• PROBLEM DETAILS: In this exercise, return only the lines that run from the line with "Chain extender with" to the end of the entries below, both included. Pictures are not copied.

○ ○ ○ ○ ○ ○ ○

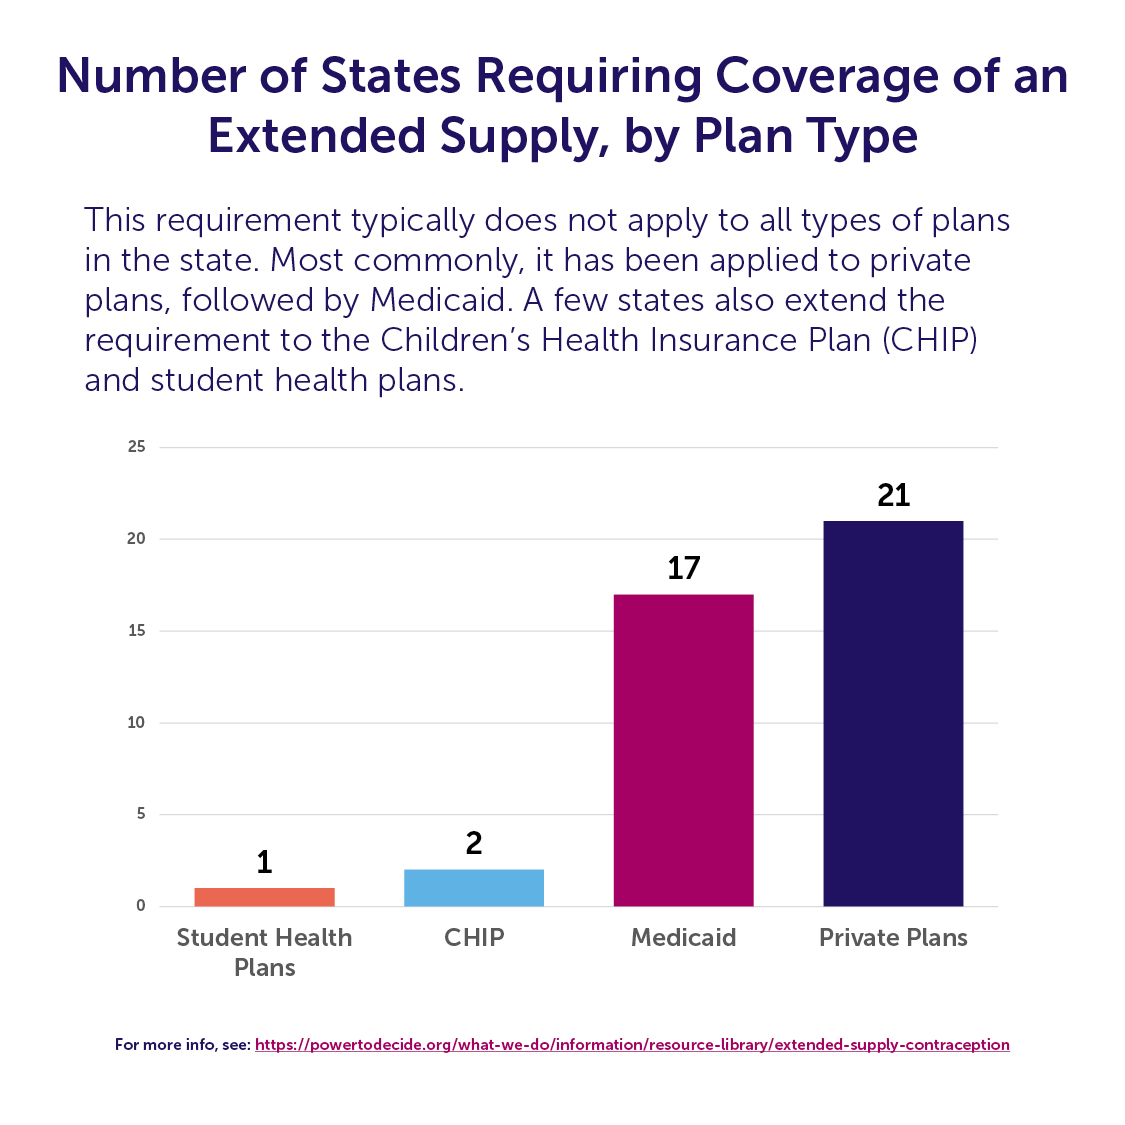 A bar graph showing the number of states requiring coverage of an extended supply by plan type. 
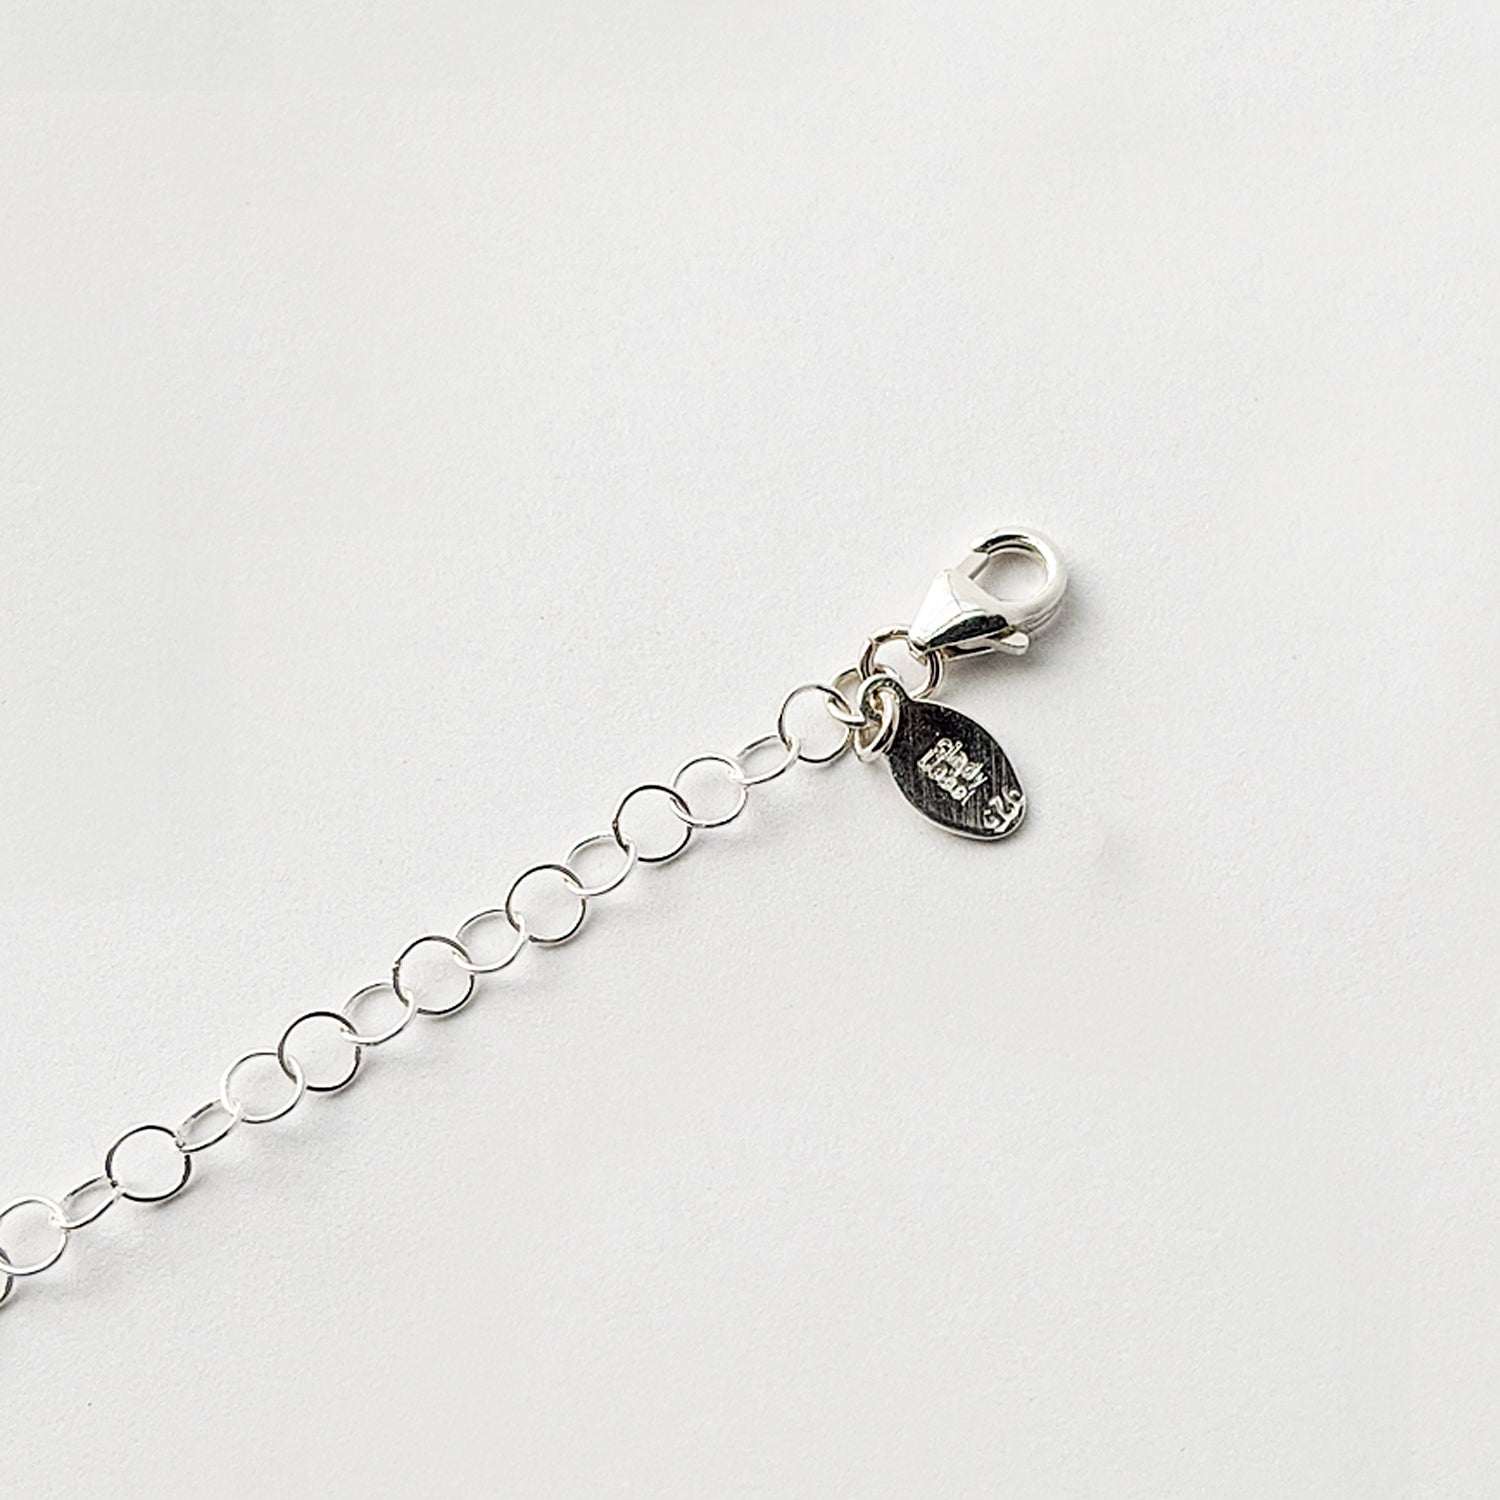 Chain extender with lobster clasp in sterling silver
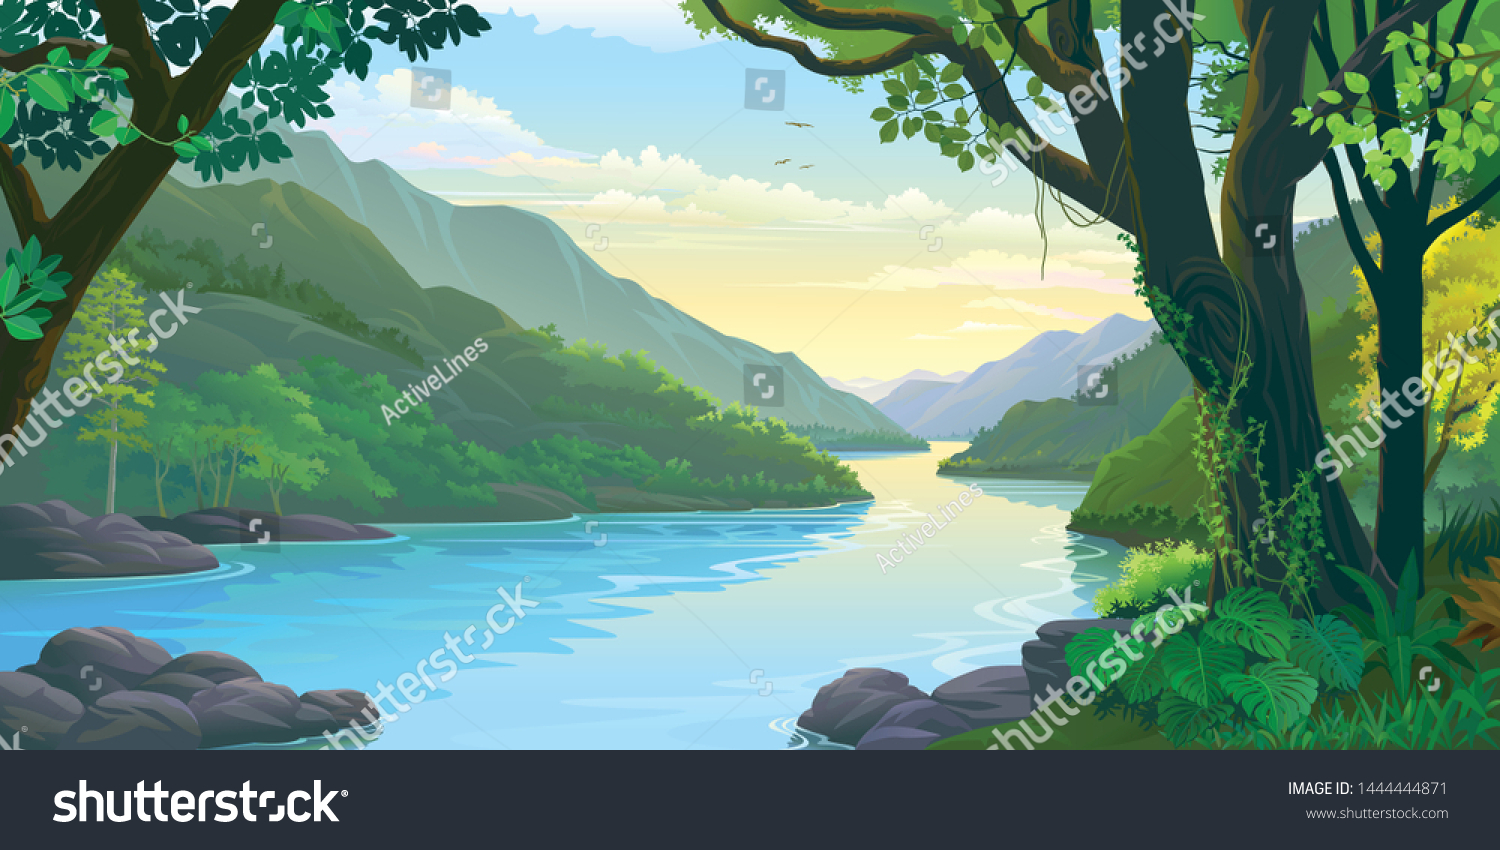 Natural window view of the river flowing calmly across dense green tropic forest
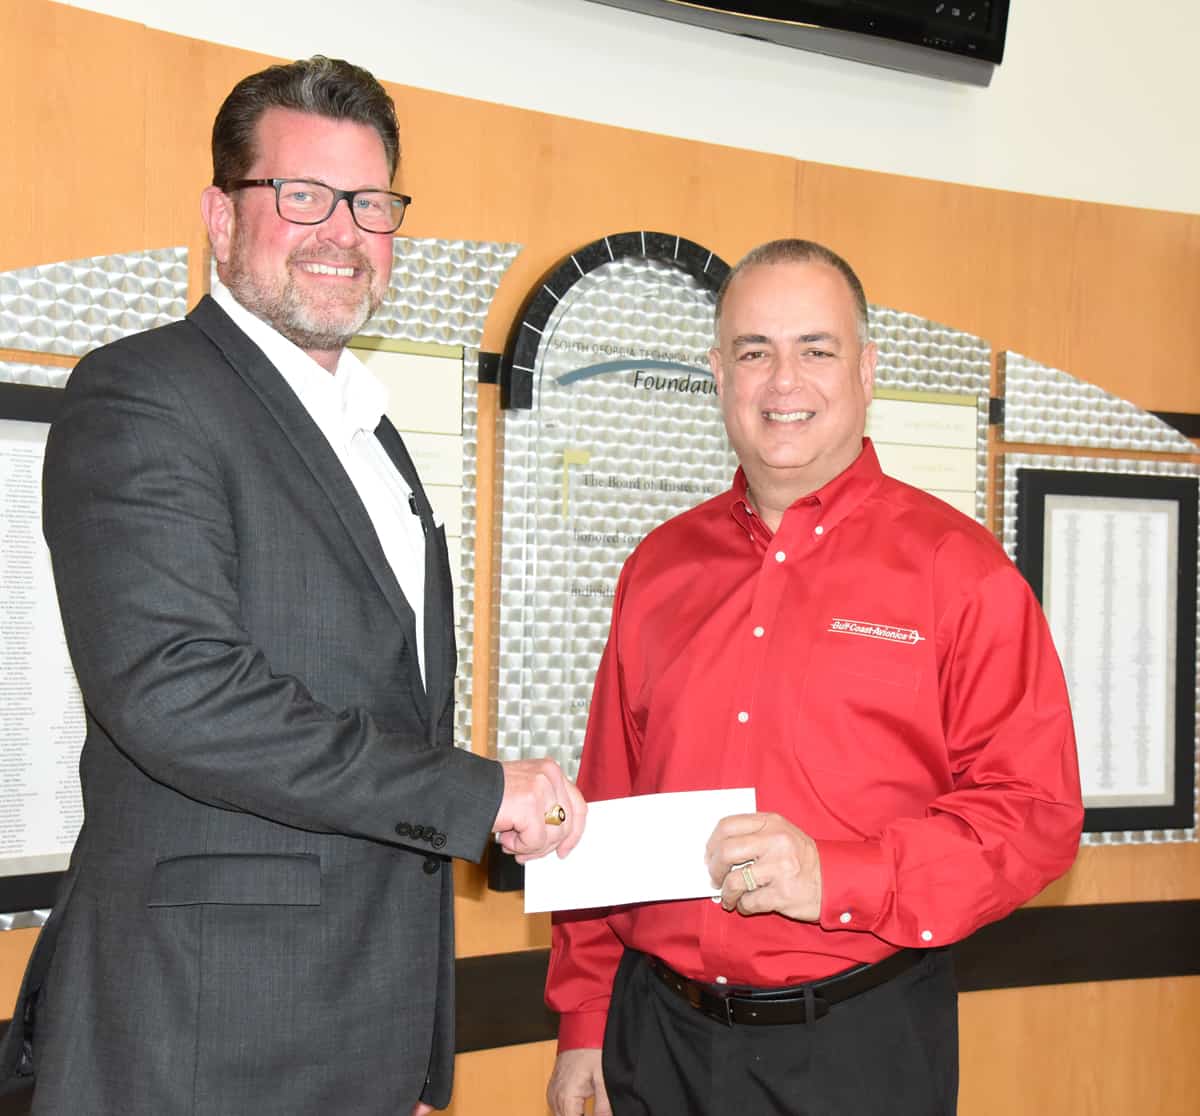 Rick Garcia, President/CEO of Gulf Coast Avionics Corporation in Lakeland, FL, is shown above (on the right) presenting a check for the new endowed scholarships at South Georgia Technical College to President Dr. John Watford (shown on left).
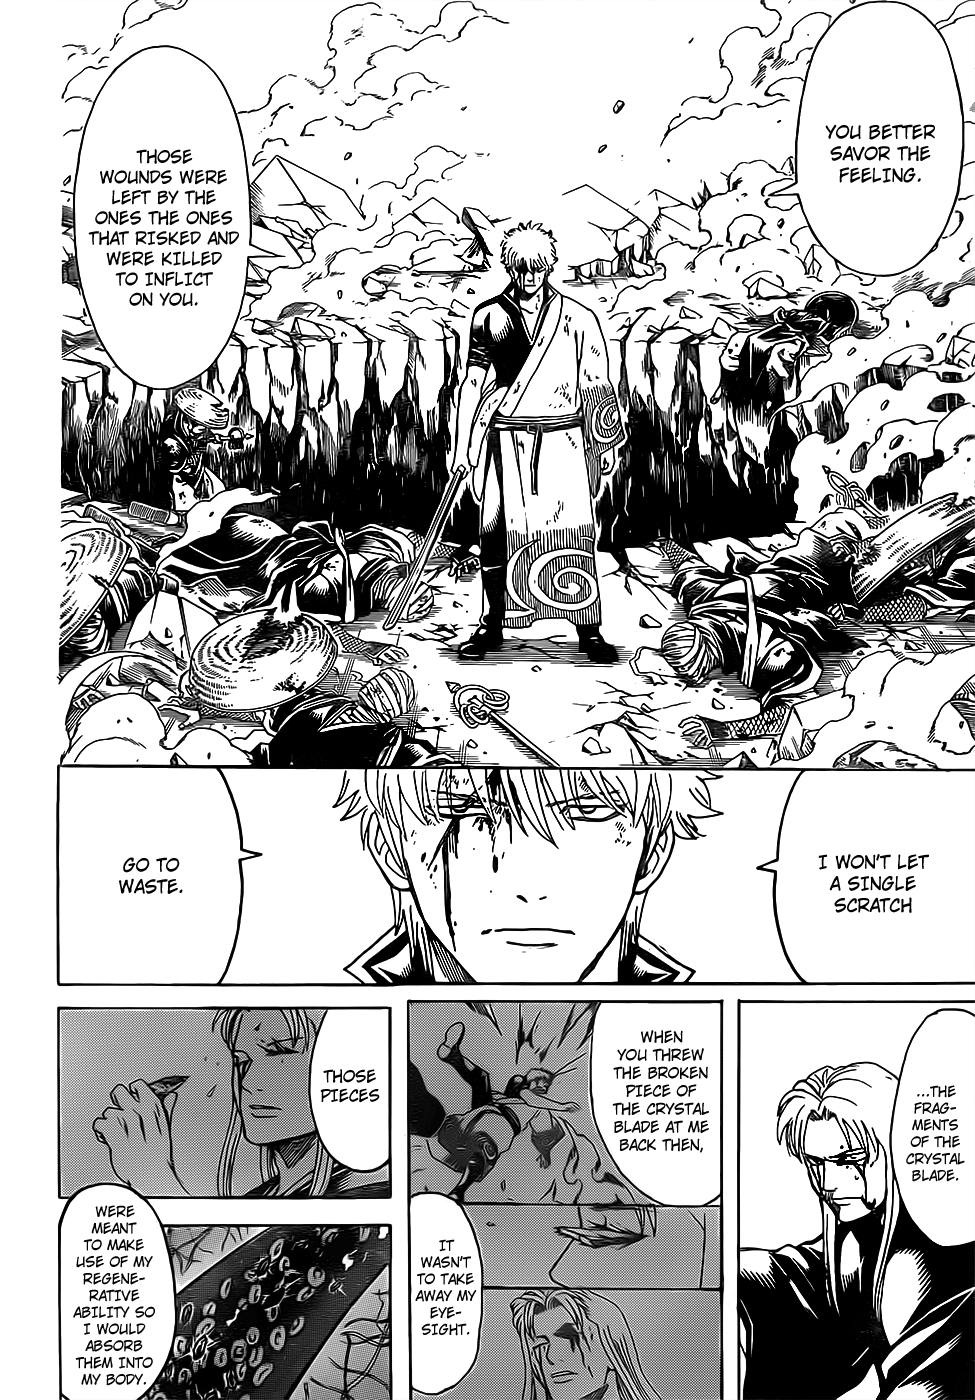 Gintama chapter 663 page 17

○ ○ ○ ○ ○ ○ ○

• SOLUTION TO THIS PROBLEM:
 Chain extender with lobster clasp in sterling silver
 Natural window view of the river flowing calmly across dense green tropic forest
 Rick Garcia, President/CEO of Gulf Coast Avionics Corporation in Lakeland, FL, is shown above (on the right) presenting a check for the new endowed scholarships at South Georgia Technical College to President Dr. John Watford (shown on left).
 Gintama chapter 663 page 17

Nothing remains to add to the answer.